Décret n°89-528 du 28 juillet 1989 instituant une aide aux quotidiens régionaux, départementaux et locaux d'information politique et générale à faibles ressources de petites annonces

NOR: MICT8900474D
Version consolidée au 25 juin 2017

Le Premier ministre,

Sur le rapport du ministre d'Etat, ministre de l'économie, des finances et du budget, du ministre de la culture, de la communication, des grands travaux et du Bicentenaire, du ministre délégué auprès du ministre d'Etat, ministre de l'économie, des finances et du budget, chargé du budget, et du ministre délégué auprès du ministre de la culture, de la communication, des grands travaux et du Bicentenaire, chargé de la communication,

Vu le décret n° 55-486 du 30 avril 1955 relatif à diverses dispositions d'ordre financier,

Article 1

Les quotidiens régionaux, départementaux ou locaux d'information politique et générale à faibles ressources de petites annonces peuvent recevoir une aide dans la limite des crédits inscrits à cet effet en loi de finances.

Le fonds d'aide est divisé en deux sections. La répartition des crédits entre les deux sections du fonds est effectuée par le directeur général des médias et des industries culturelles. Toutefois, le montant des crédits affectés à la première section ne peut être inférieur à 85 % de la dotation globale du fonds.

Les aides versées au titre de la première section du fonds bénéficient aux quotidiens d'information politique et générale de langue française :

a) Qui sont imprimés sur papier journal pour 90 % au moins de leur surface ;

b) Qui paraissent au moins cinq fois par semaine ;

c) Dont les recettes hors taxes de petites annonces ont représenté, après déduction des frais de commission, moins de 5 % de l'ensemble de leurs recettes publicitaires hors taxes pour l'exercice précédant l'année d'attribution de l'aide ;

d) Dont l'édition locale la plus diffusée est vendue à un prix inférieur à 130 % du prix de vente moyen des quotidiens régionaux, départementaux et locaux d'information politique et générale, ledit prix de vente moyen étant calculé à partir du prix de vente de l'édition locale la plus diffusée au 1er janvier de l'année d'attribution de l'aide ;

e) Dont le tirage moyen n'a pas excédé 70 000 exemplaires et dont la diffusion payée n'a pas dépassé 60 000 exemplaires en moyenne pendant l'exercice précédant l'année d'attribution de l'aide ;

f) Qui, dans la région ou le département où ils sont diffusés, n'ont pas la diffusion la plus élevée parmi les quotidiens régionaux, départementaux ou locaux.

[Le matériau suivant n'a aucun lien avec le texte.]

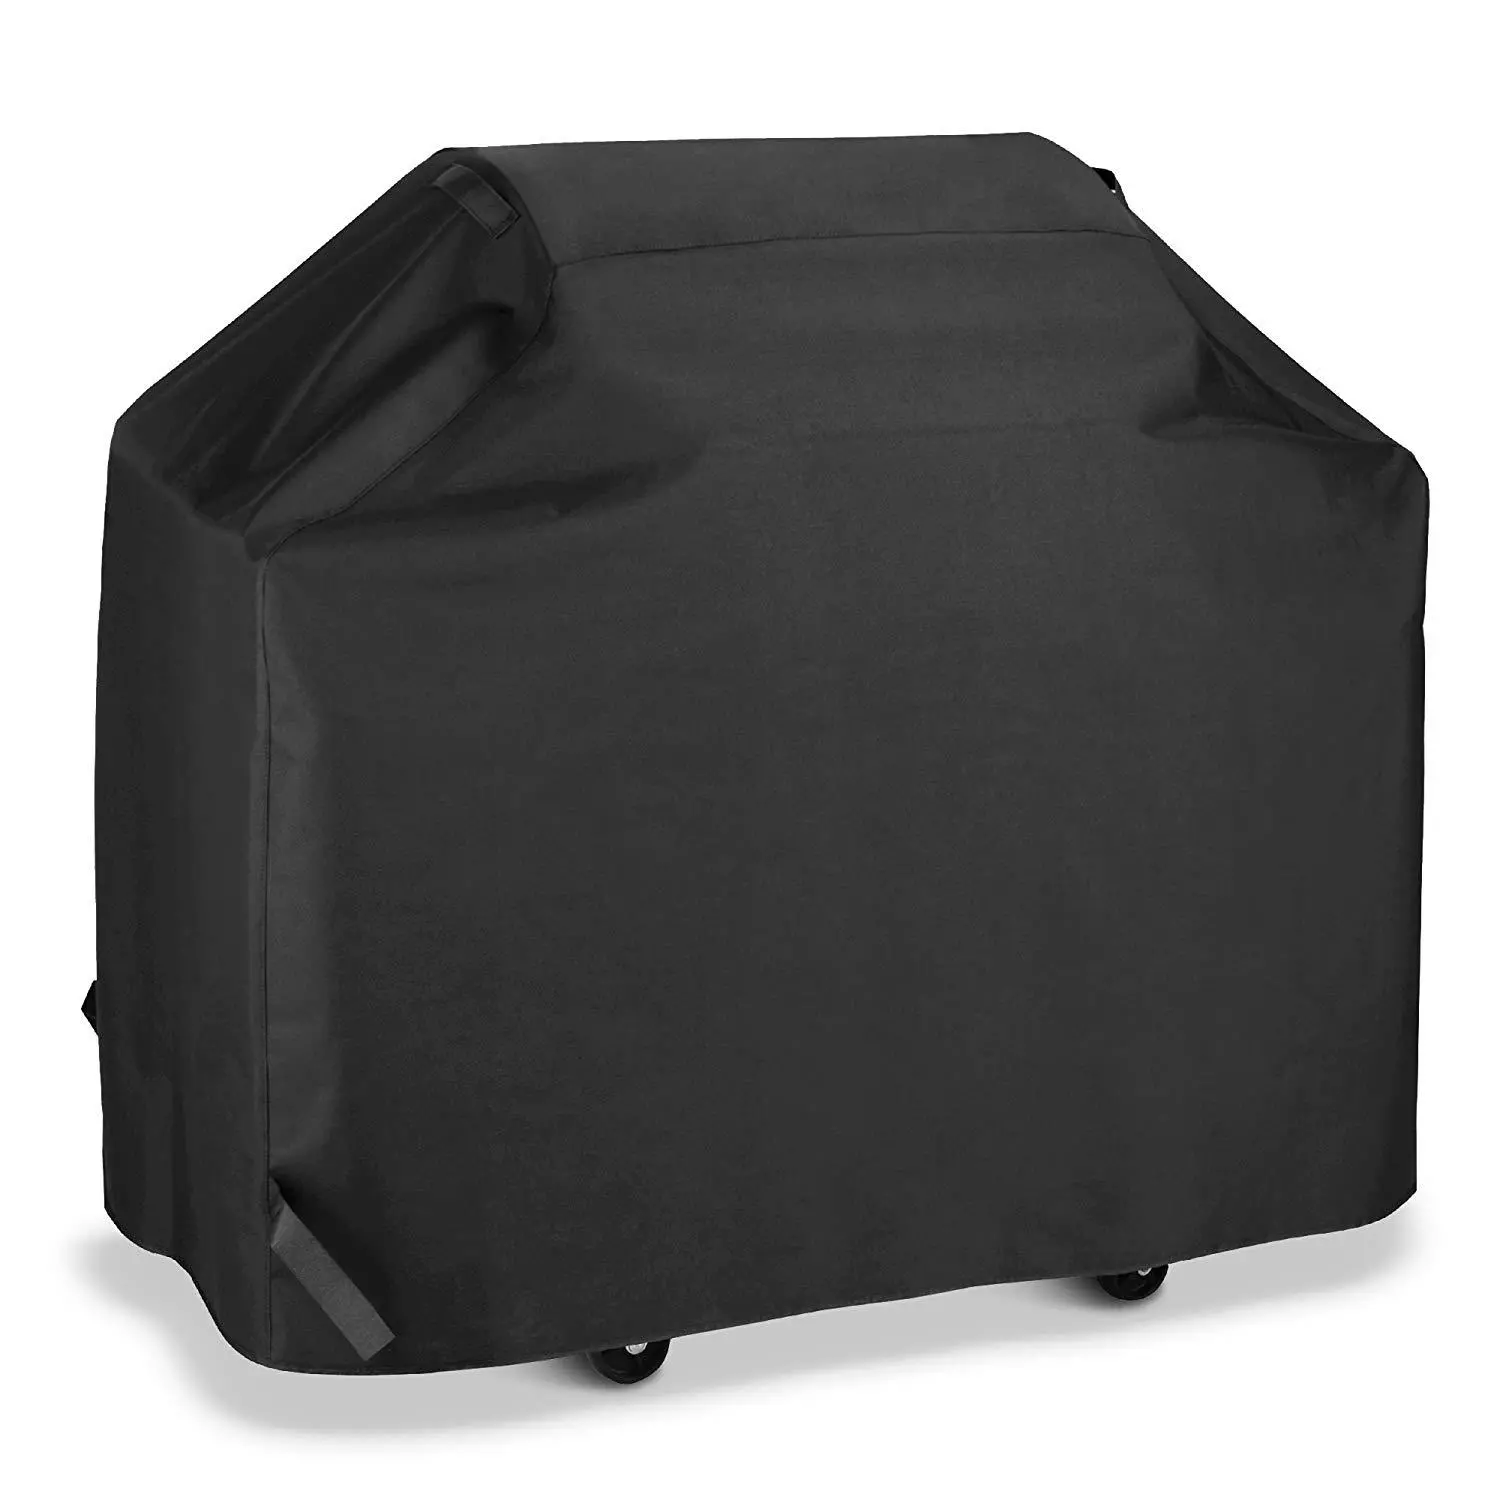 New bbq dust cover barbecue covers waterproof garden patio grill protector household merchandises outdoor covers

Les entreprises de presse qui éditent des publications non vendues au public ne sont pas éligibles aux aides attribuées au titre de la première section du fonds.

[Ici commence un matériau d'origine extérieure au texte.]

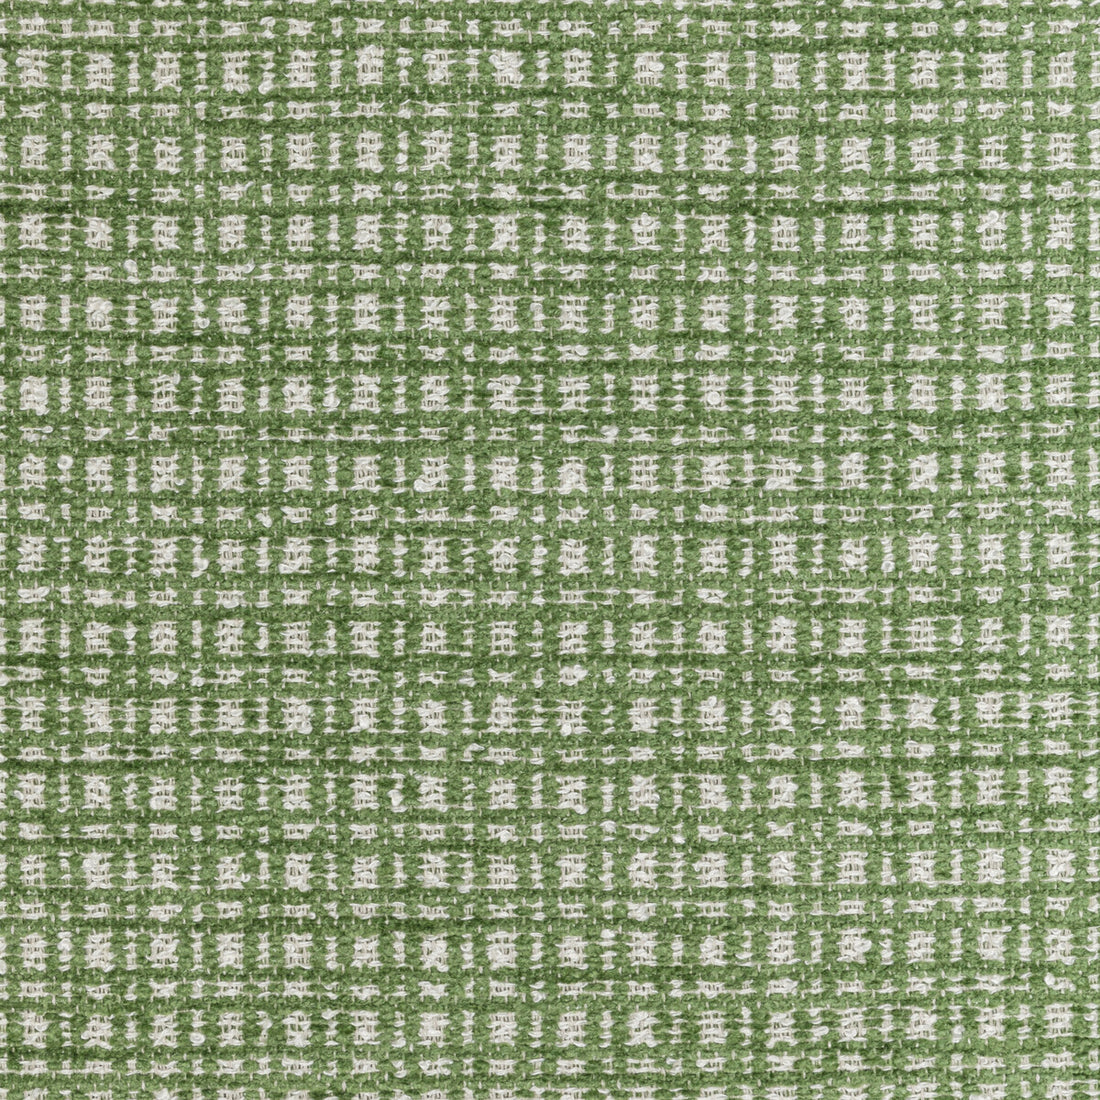 Landiers Texture fabric in green color - pattern 8022123.3.0 - by Brunschwig &amp; Fils in the Chambery Textures III collection

Les aides versées au titre de la deuxième section du fonds bénéficient aux quotidiens d'information politique et générale de langue française :

a) Qui ne sont pas éligibles aux aides attribuées au titre de la première section du fonds ;

b) Qui sont imprimés sur papier journal pour 90 % au moins de leur surface ;

c) Qui paraissent au moins cinq fois par semaine ;

d) Dont les recettes hors taxes de petites annonces ont représenté, après déduction des frais de commission, moins de 15 % de l'ensemble de leurs recettes publicitaires hors taxes pour l'exercice précédant l'année d'attribution de l'aide ;

e) Dont l'édition locale la plus diffusée est vendue à un prix inférieur à 130 % du prix de vente moyen des quotidiens régionaux, départementaux et locaux d'information politique et générale, ledit prix de vente moyen étant calculé à partir du prix de vente de l'édition locale la plus diffusée au 1er janvier de l'année d'attribution de l'aide ;

f) Dont le tirage moyen n'a pas excédé 70 000 exemplaires et dont la diffusion payée n'a pas dépassé 50 000 exemplaires en moyenne pendant l'exercice précédant l'année d'attribution de l'aide ;

g) Dont plus du quart de la diffusion payée est assurée par voie d'abonnement postal ;

h) Dont 40 % des abonnements postaux concernent des publications de moins de 100 grammes.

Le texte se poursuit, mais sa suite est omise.